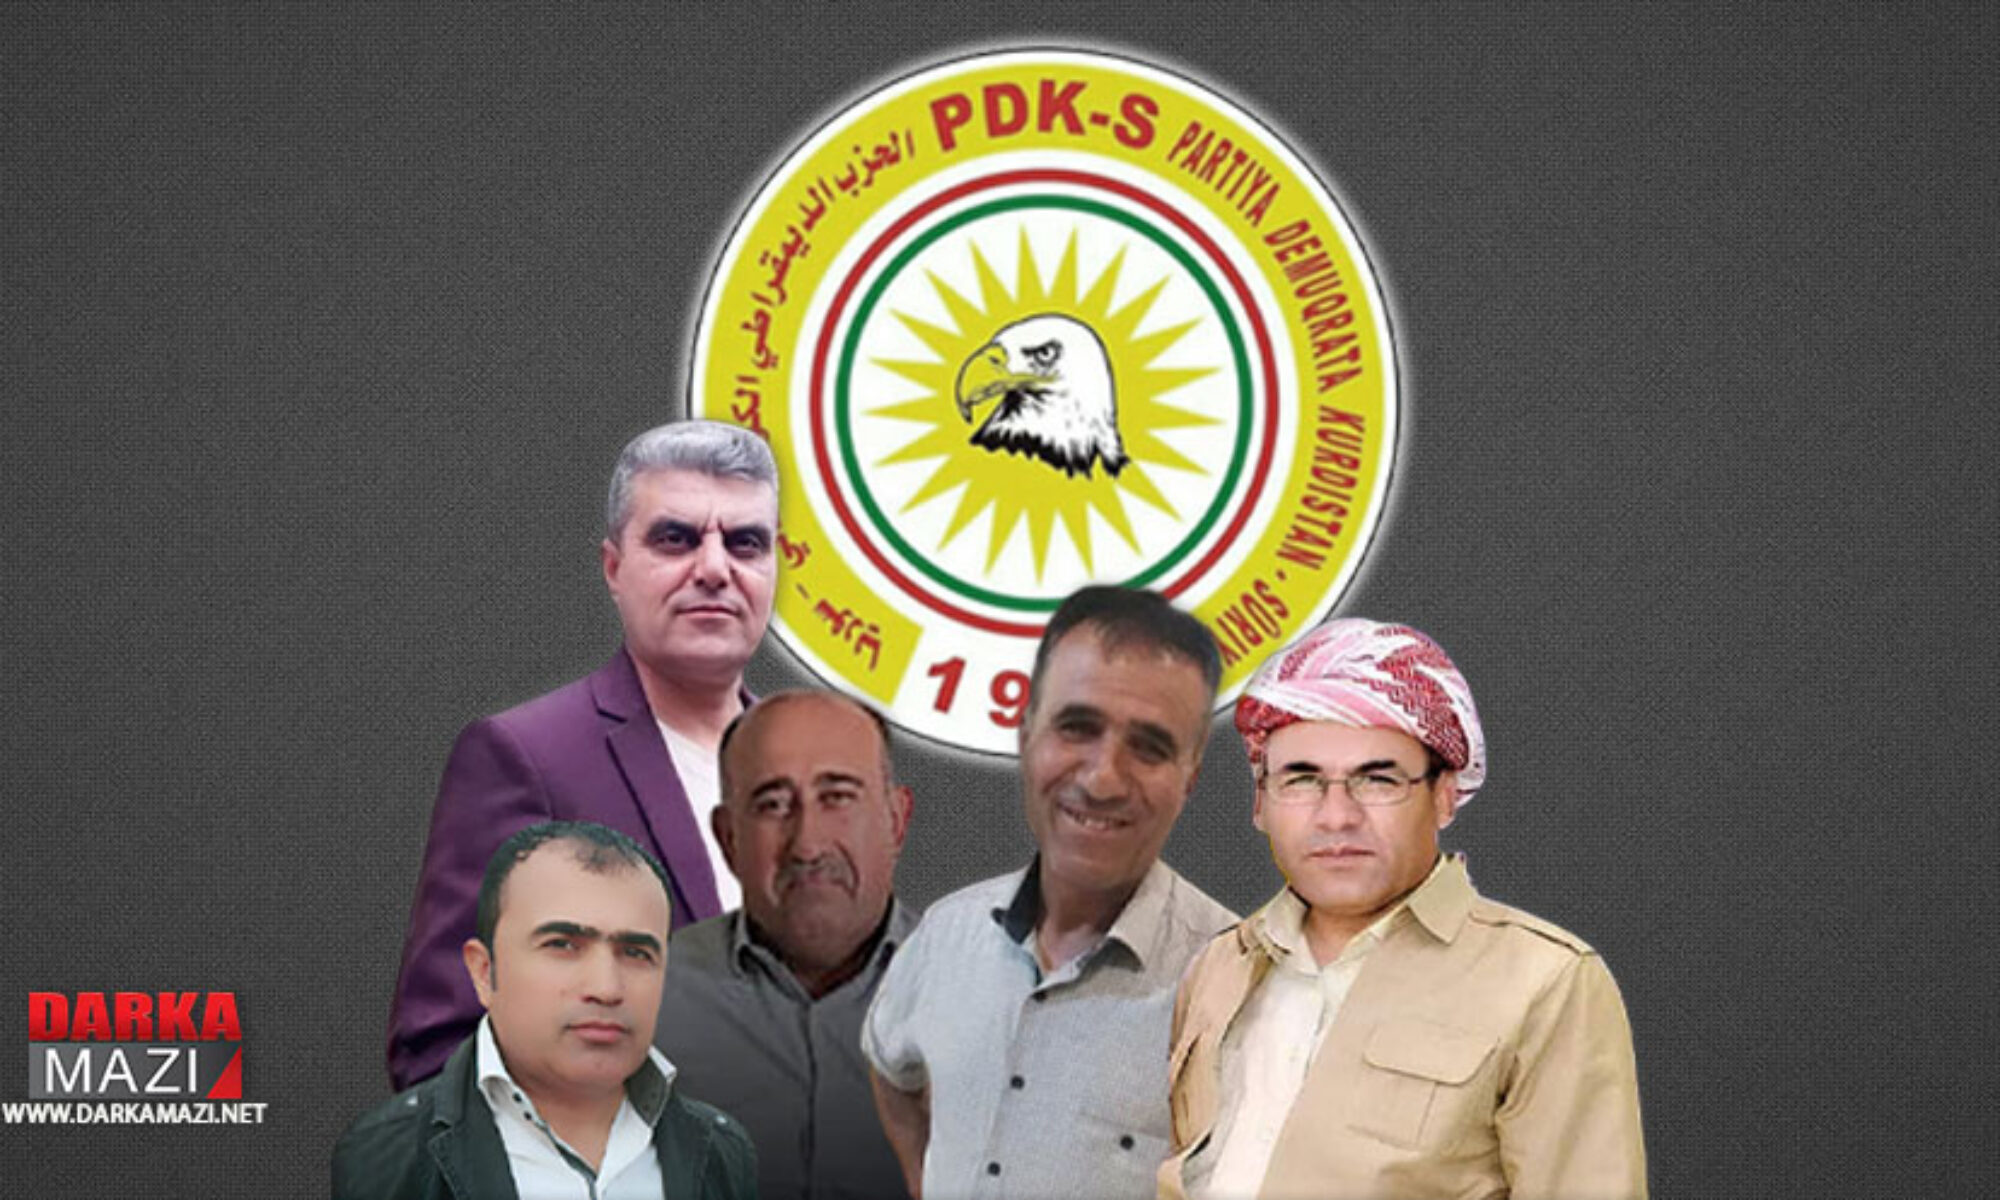 PDK-S bir liste yayınlayarak PYD asayişi tarafından kaçırılan üyelerinin akibetini sordu
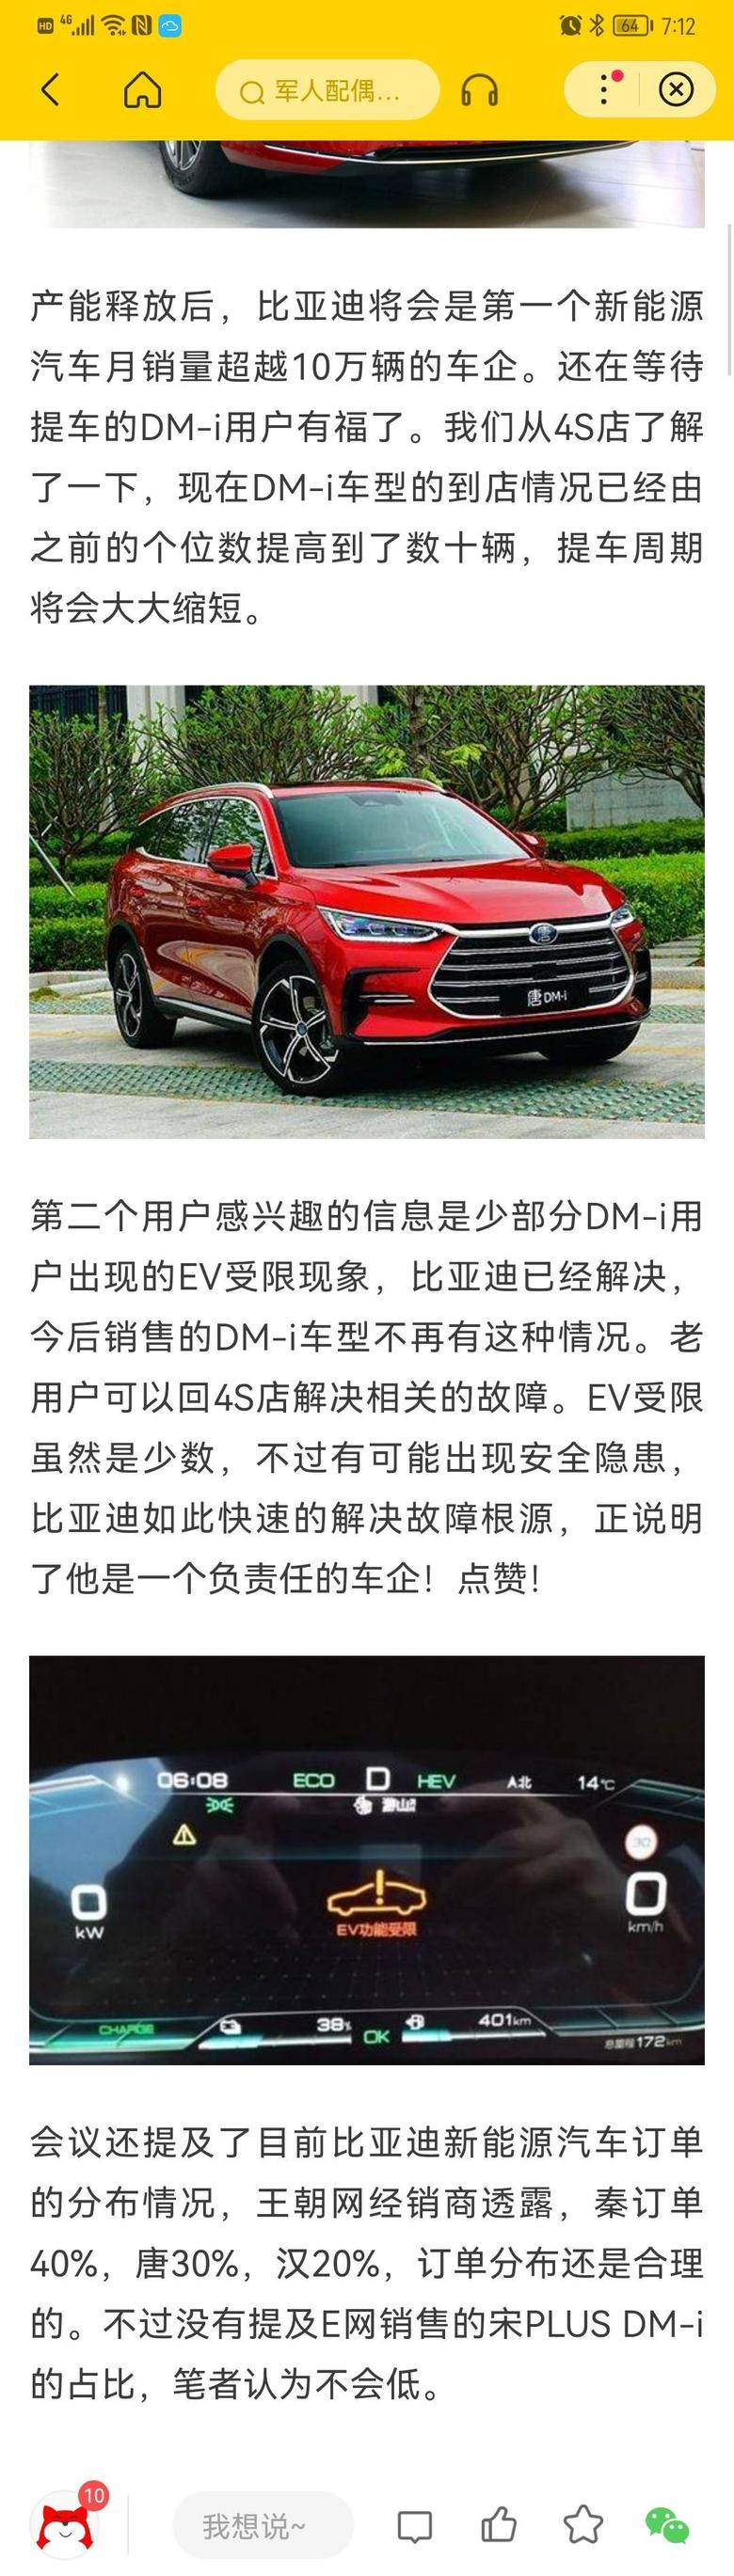 唐dm 说是湖南工厂投产后产能提升了，怎么好像还很多等了4、5月的人没提车
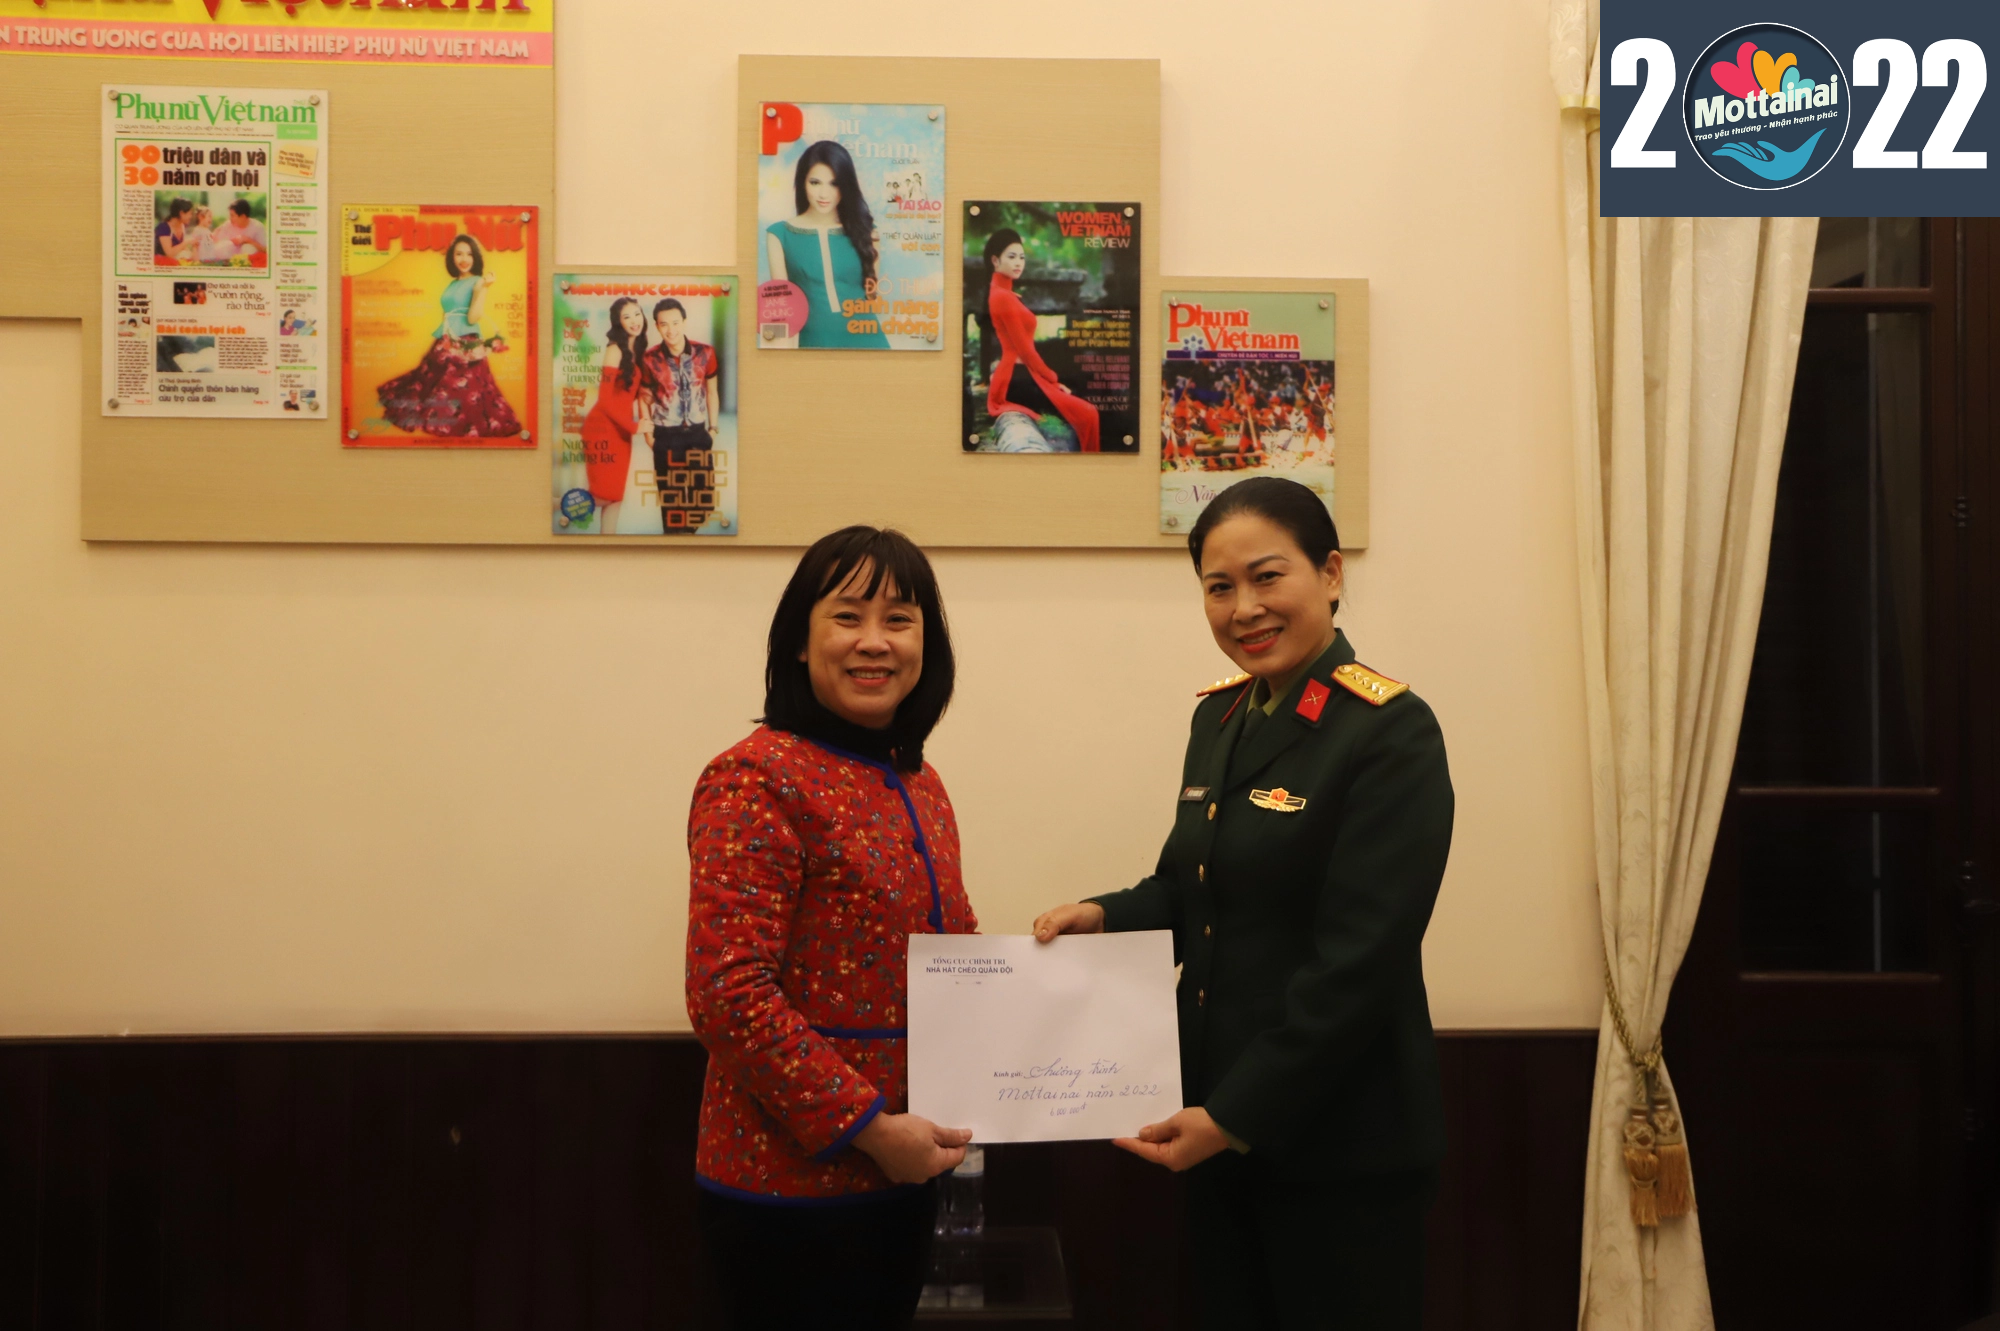 Nhà hát Chèo Quân đội ủng hộ chương trình Mottainai 2022 - Ảnh 2.

☆ ☆ ☆

# [Problem statement]
Write the data out again exactly, but without its images.

# [Response]
 PDK-S bir liste yayınlayarak PYD asayişi tarafından kaçırılan üyelerinin akibetini sordu
 唐dm 说是湖南工厂投产后产能提升了，怎么好像还很多等了4、5月的人没提车
 Nhà hát Chèo Quân đội ủng hộ chương trình Mottainai 2022 - Ảnh 2.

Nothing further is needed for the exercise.